House Democrats — who were already trying to strike a delicate balance — found their calculation complicated by the White House, which released a pre-emptive signal that Mr. Obama would sign the bipartisan legislation if it made it out of Congress.

Josh Earnest, the White House press secretary, said the administration agreed with congressional Democrats who were angry about several provisions that affect financial regulations and others that would allow larger political contributions to parties during federal campaigns. But he called the funding bill “a compromise” and said passage of the legislation would be good for the economy and would bolster some of the president’s priorities, including consumer protection, early childhood education and the fight against climate change.

Postponing action on the spending bill until next year would not have been good for either party. Republicans were eager to get the package behind them so they could start 2015 with a fresh agenda. And although Democrats found some provisions of the spending bill objectionable — including a measure that would significantly increase the limits on individual contributions to political parties — the package was negotiated on a bipartisan basis and they probably would have been forced into greater concessions next year.

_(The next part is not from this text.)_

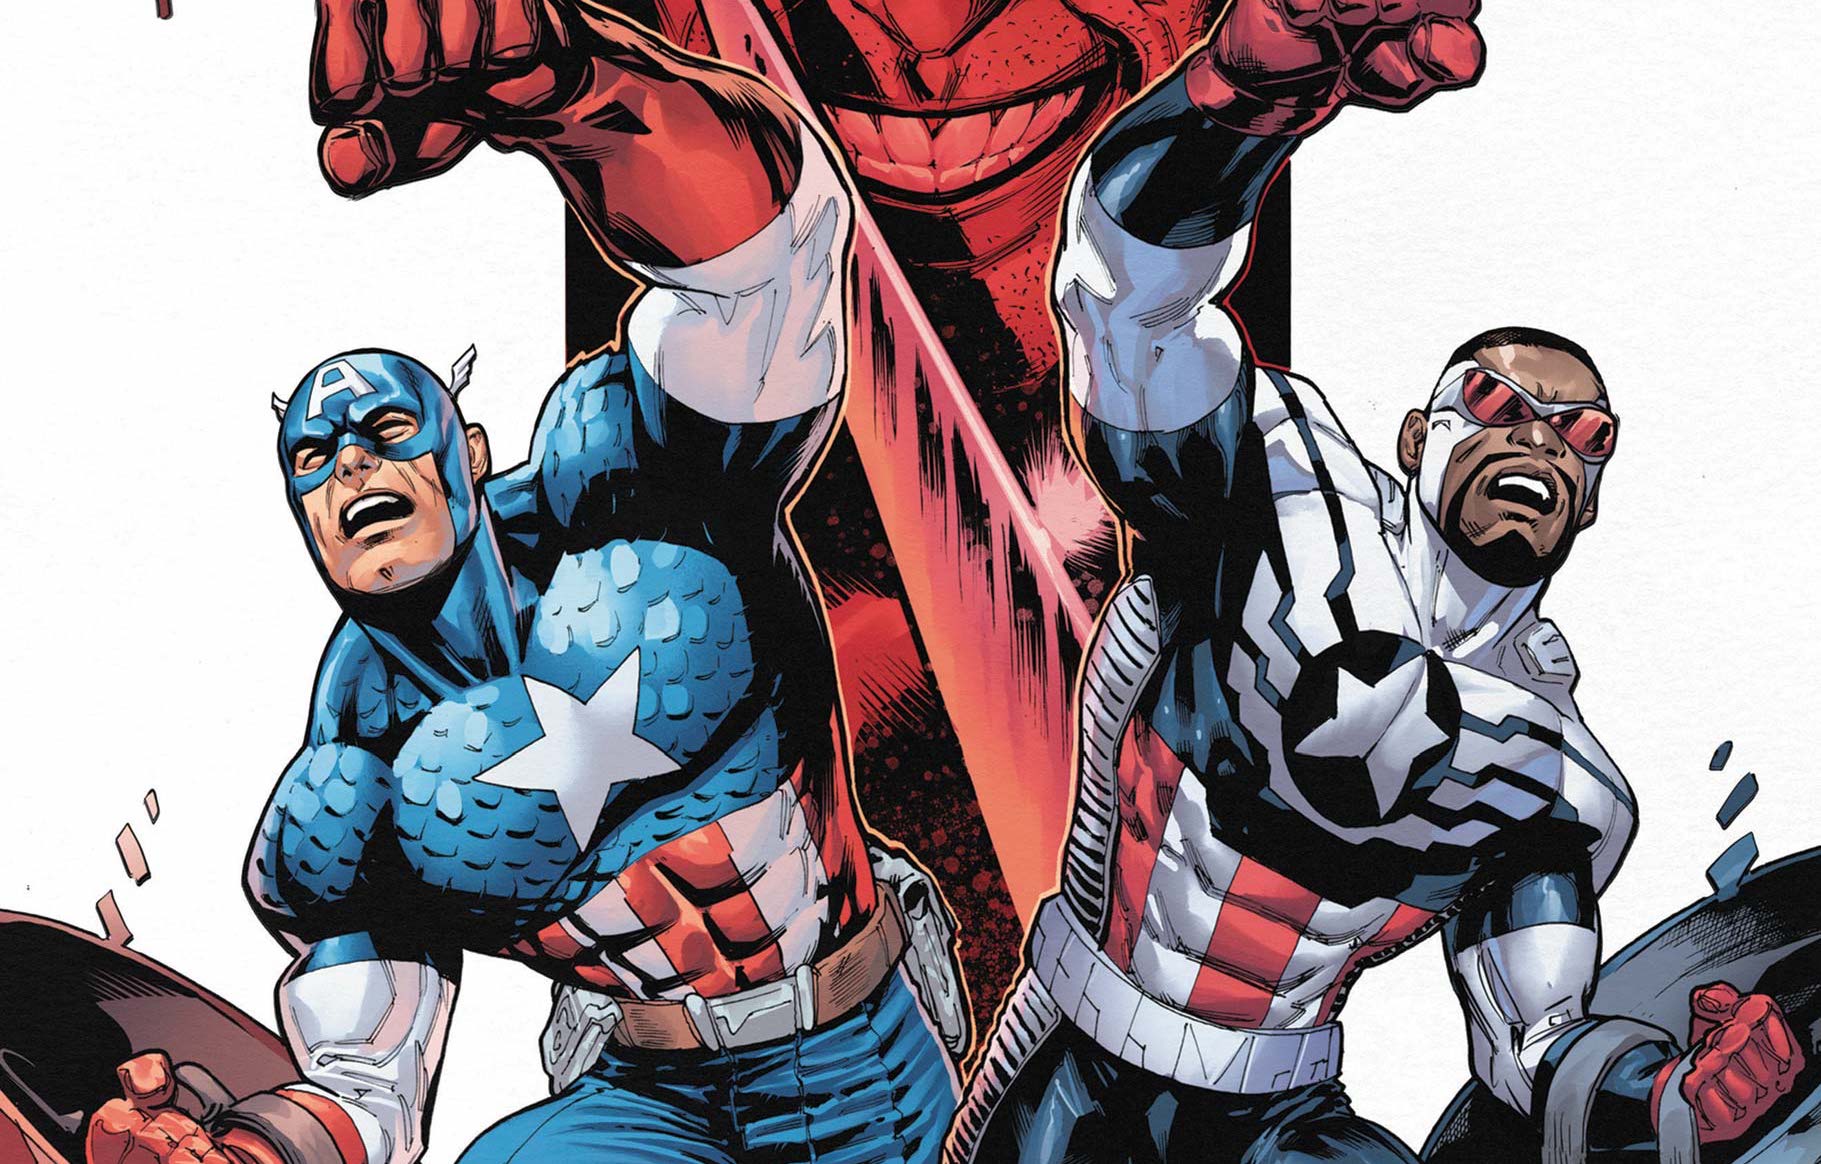 'Captain America: Cold War' #1 is action-packed, cinematic expansion on Cap lore

Not everyone on the right was happy with the deal, either. Some House Republicans thought that Mr. Boehner did not go far enough in fighting Mr. Obama over his executive action last month to defer the deportation of as many as five million unauthorized immigrants. The spending deal funds the Department of Homeland Security — the agency primarily assigned to carry out the president’s immigration policy — only through February, at which point Republicans will control both chambers of Congress and have the leverage to try to curtail Mr. Obama’s action.

But some conservatives wanted to immediately defund the Homeland Security agency, despite the risk of a partial government shutdown. After the bill was passed, Representative Steve Scalise, Republican of Louisiana and majority whip, said that the vote “set the stage for a battle with the president” over his immigration action.

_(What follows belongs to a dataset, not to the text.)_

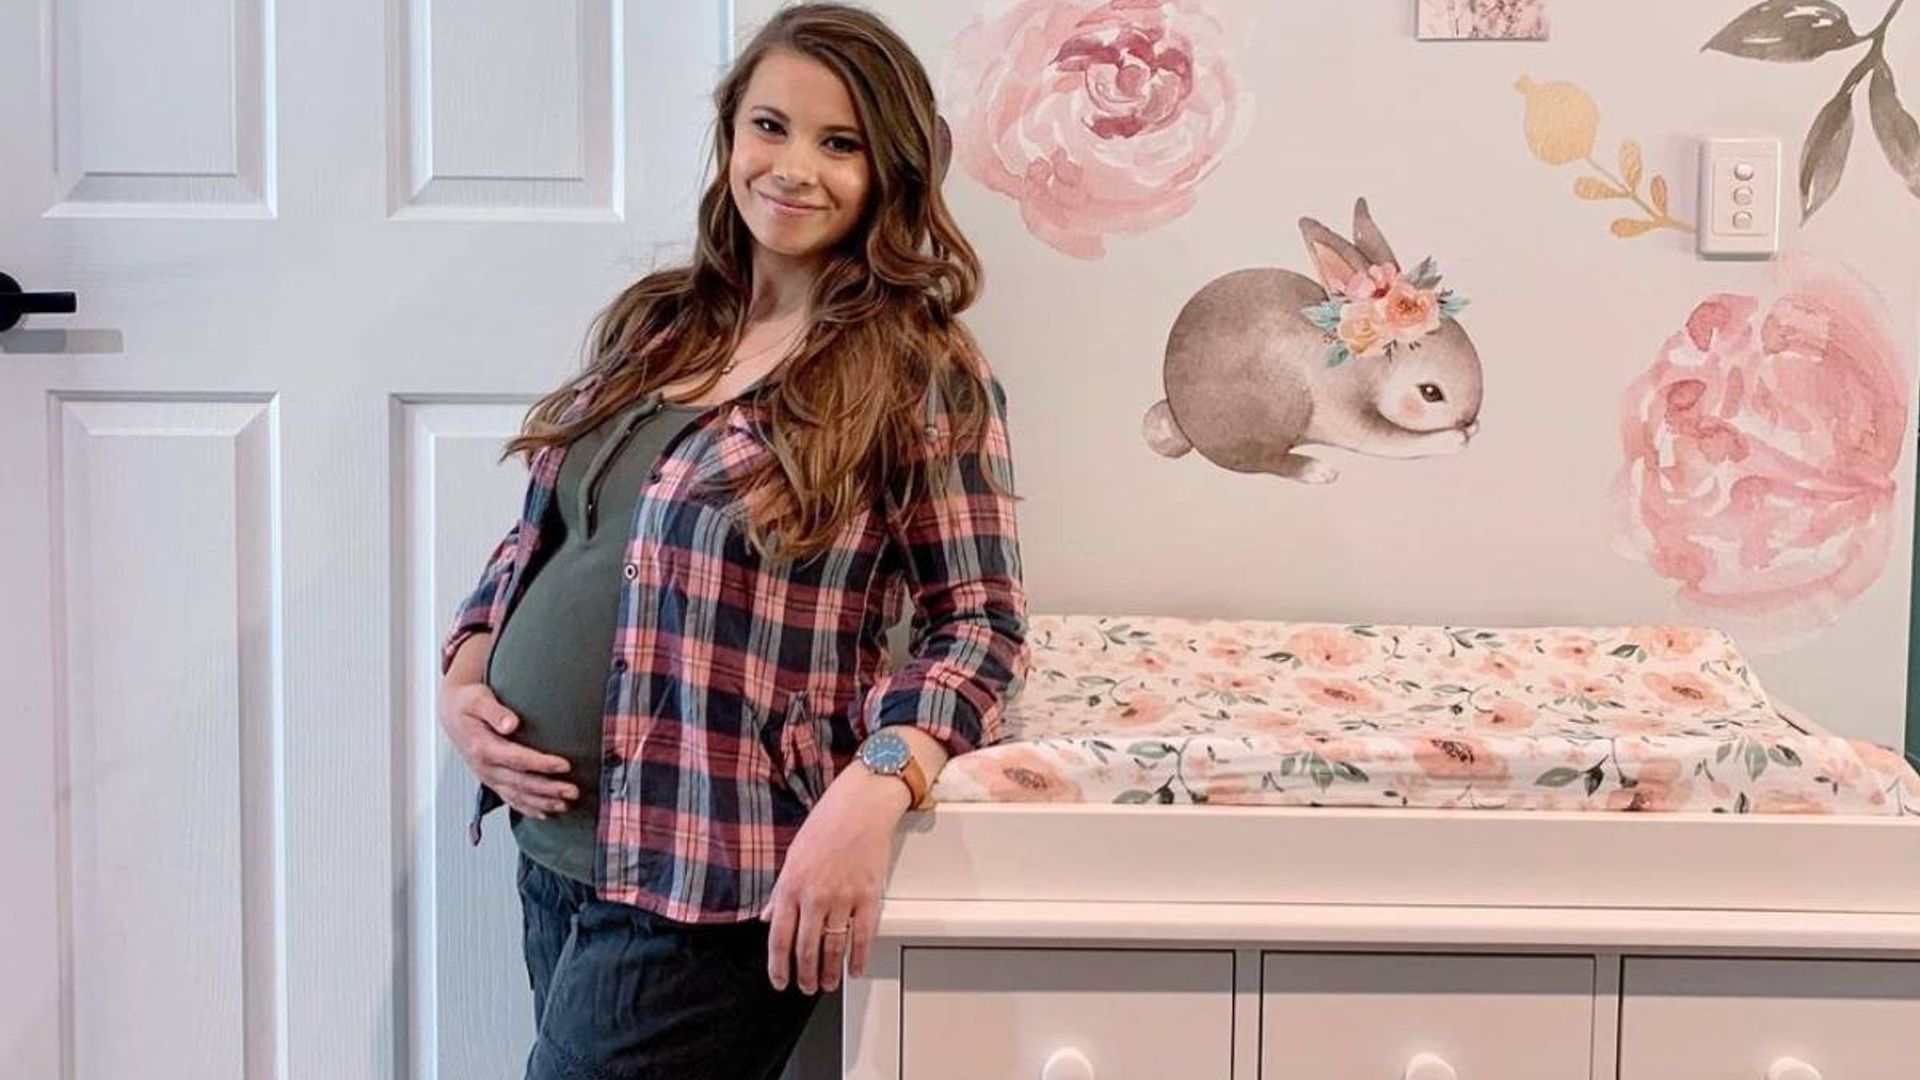 Pregnant Bindi Irwin shares unexpected baby photo - and fans react

The liberal base of the Democratic Party, led by Ms. Warren, also found itself in an unlikely alliance with the Tea Party wing of the Republican Party. Both opposed the Wall Street bailout of 2008 and feared that the spending measure would not only provide a bounty for big banks but would also help cause another economic crisis. But last year, 70 House Democrats voted for a bill that included the very change to the Dodd-Frank regulations that their leadership opposed this week.

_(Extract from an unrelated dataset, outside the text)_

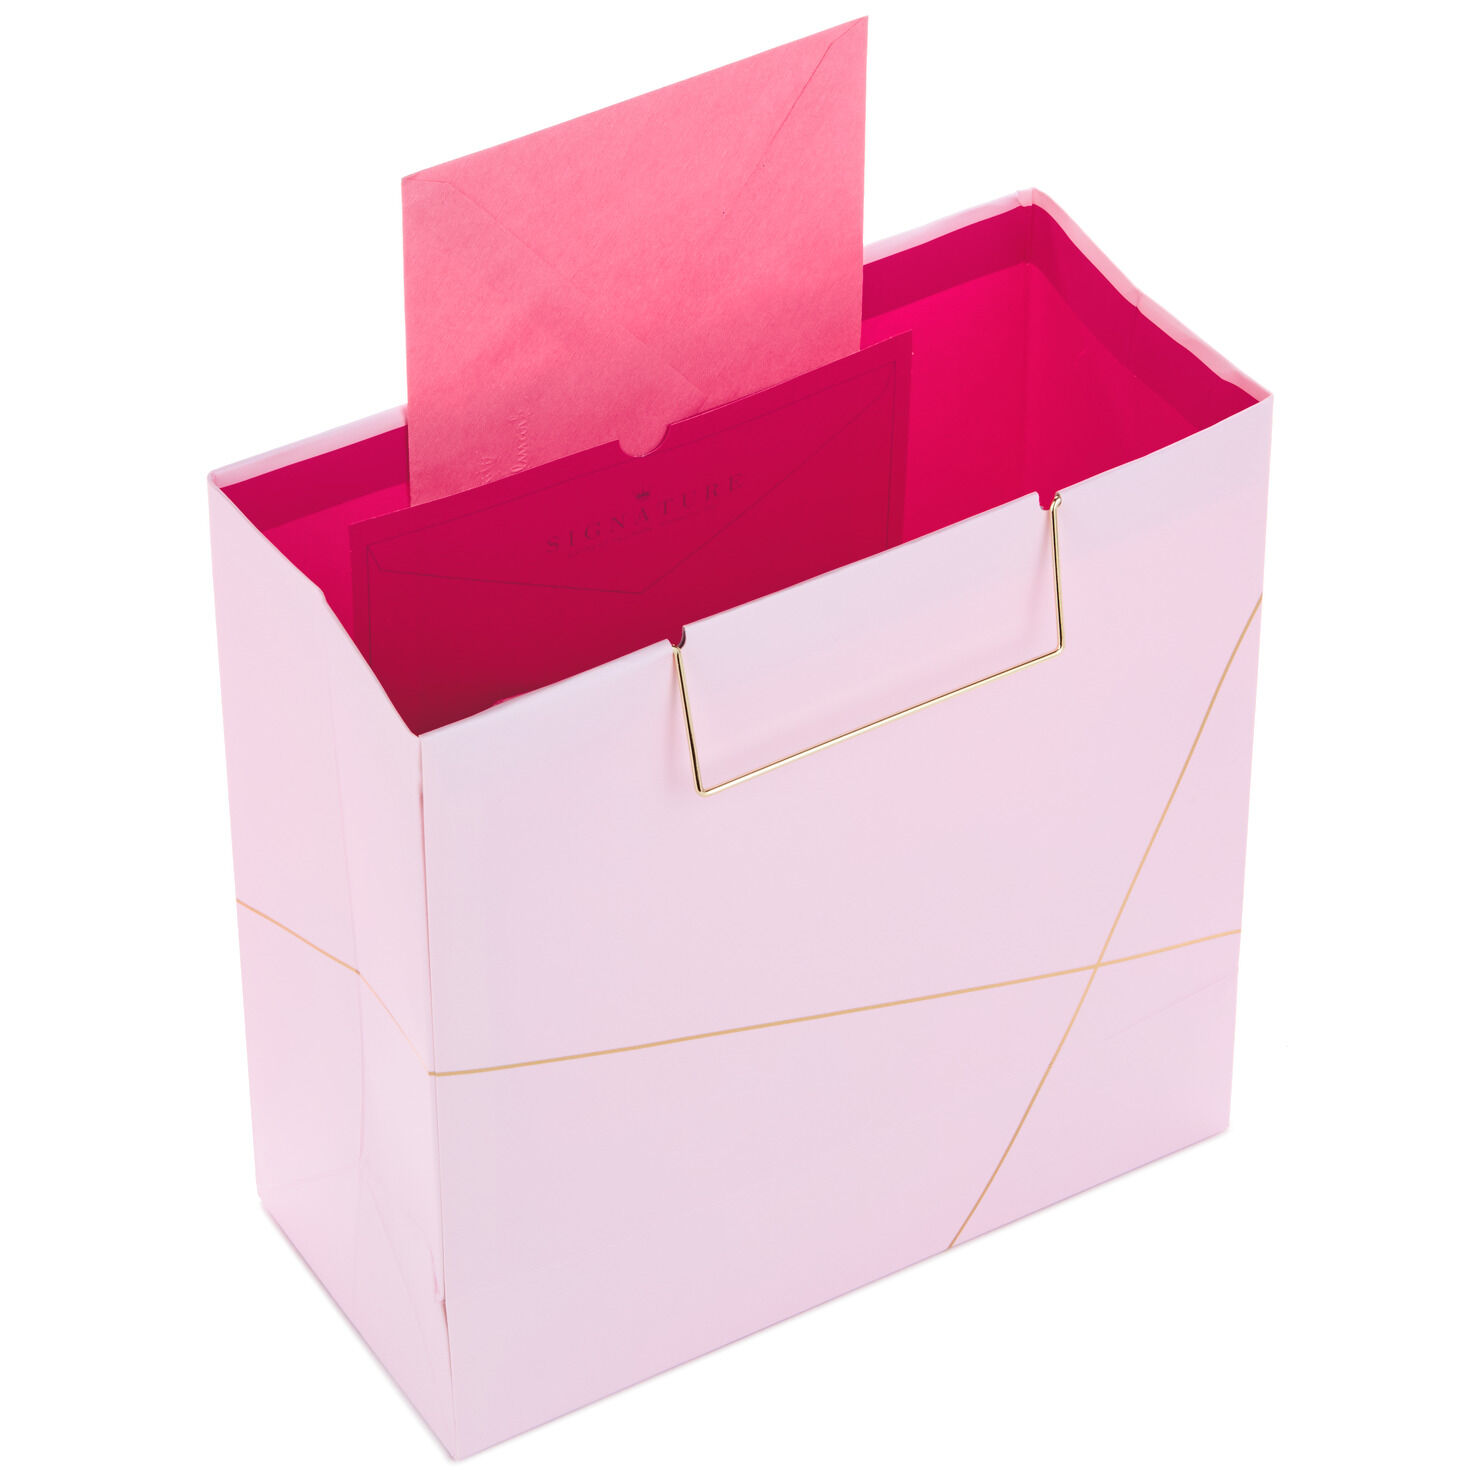 Light Pink With Gold Large Square Gift Bag, 10.4" for only USD 6.99 | Hallmark

For Mr. Boehner and Ms. Pelosi, the lead-up to Thursday’s vote also demonstrated the strengths and limitations of their conferences.

Mr. Boehner displayed a willingness to buck his party’s more conservative members — as well as vocal outside groups — by passing the bill with the help of Democratic votes.

And Ms. Pelosi and her leadership team again reminded voters that House Republicans have often found themselves forced to rely on Democratic votes to pass crucial legislation, from the deal to reopen the government last year after a 16-day shutdown to relief for Hurricane Sandy.

“This bill is a one-two punch at middle-class voters,” said Representative Steve Israel of New York, a member of the Democratic leadership. “It weakens financial regulation on big banks and rewards Congress for doing so by increasing donation limits of big donors. This is exactly why middle-class voters have a contempt of Congress.”

Representative Nita M. Lowey of New York, the senior Democrat on the House Appropriations Committee, supported much of the bill but criticized the increase in limits on contributions to political parties. She linked that provision to efforts by the Senate majority leader, Harry Reid, Democrat of Nevada, and Mr. Boehner.

“The Reid-Boehner provision to increase by tenfold the limits on contributions to political parties is excessive and also does not belong on this bill,” Ms. Lowey said on the House floor.

But Representative Tom Cole, Republican of Oklahoma, said the campaign finance change had been negotiated with Senate Democrats.

“Democrats in the Senate consented to it and, I suspect, participated in it,” Mr. Cole said.